Admettre l'omniprésence et le pouvoir de la peur, cependant, ne veut pas dire que nous sommes condamnés à vivre perpétuellement sous son joug. En fait, les idées mêmes de dignité humaine et de progrès humain dépendent précisément de notre capacité à, d'une certaine manière, nous entraîner à repousser ou à ignorer ses énormes pouvoirs paralysants. 

Les leaders culturels prudents le savent. Et c'est pourquoi, depuis le début de la civilisation humaine, ils ont assidûment cherché à identifier et à célébrer les membres de leurs collectifs qui sont, ou paraissent, les plus insensibles à la peur.
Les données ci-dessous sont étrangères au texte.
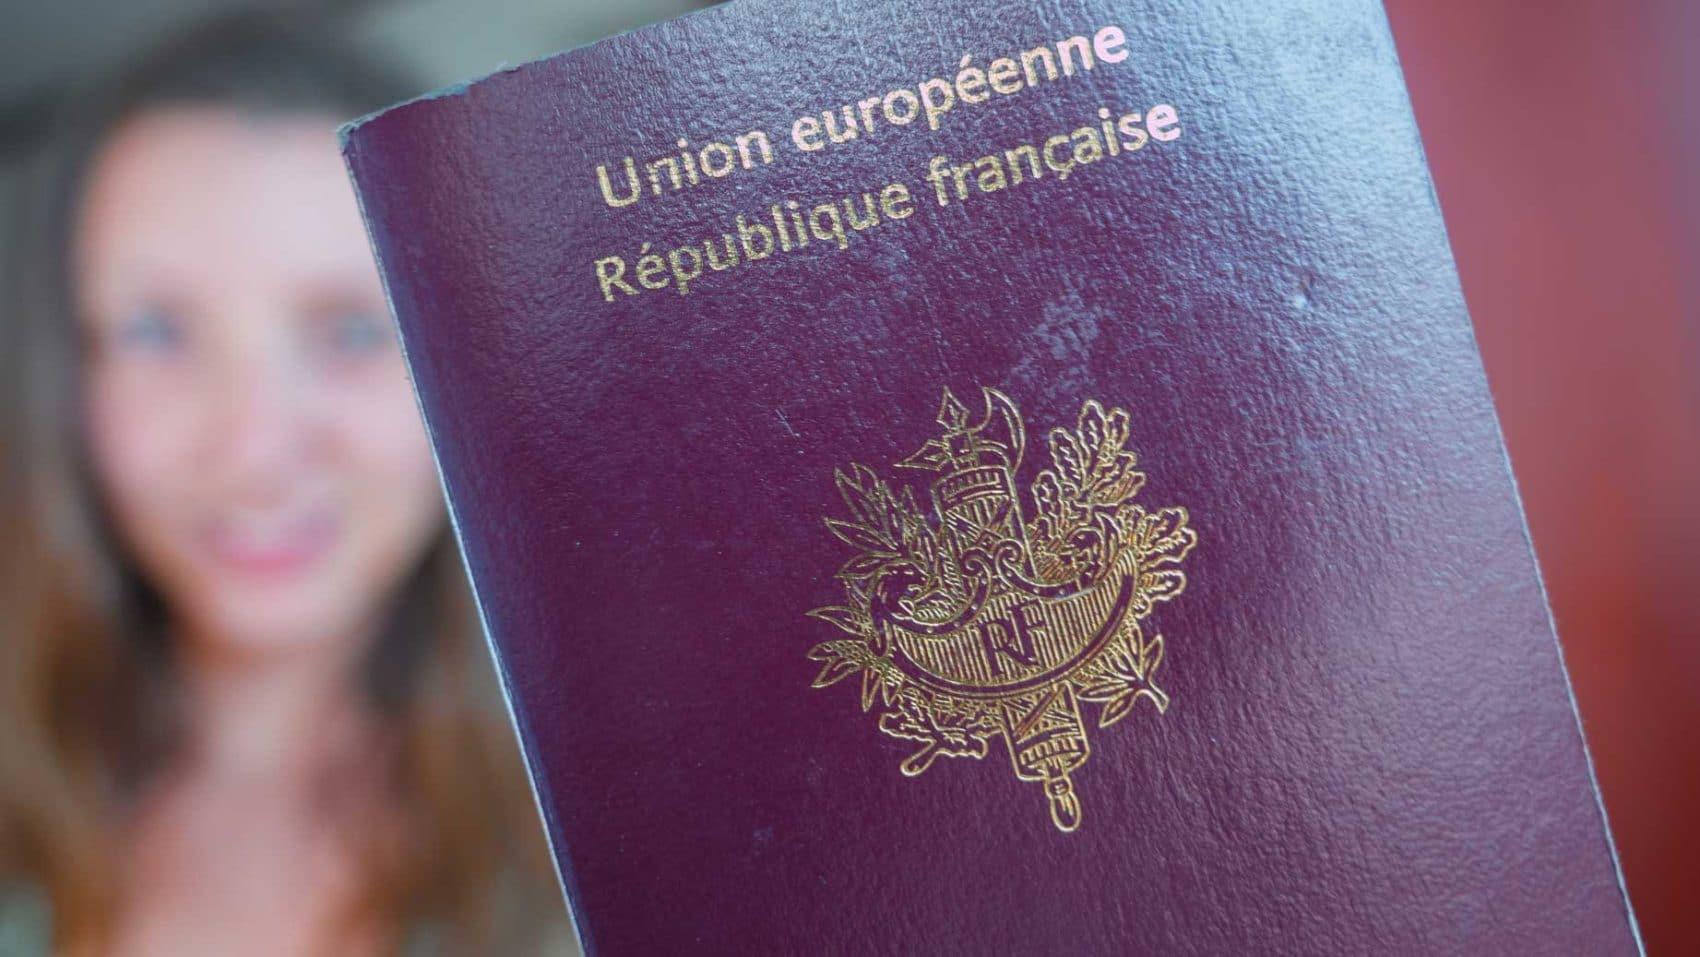 Sri Lanka : Comment obtenir votre visa facilement ?

Ils le font non seulement pour exprimer symboliquement les remerciements du groupe pour l'exécution de tâches difficiles et périlleuses, mais aussi pour favoriser le développement du courage – dérivé du mot latin pour cœur – chez les jeunes. 

Pendant une grande partie de l'histoire, la plupart de ces héros ont été célébrés pour leur capacité à surmonter la peur et à agir avec courage face à l'anéantissement physique sur le champ de bataille. 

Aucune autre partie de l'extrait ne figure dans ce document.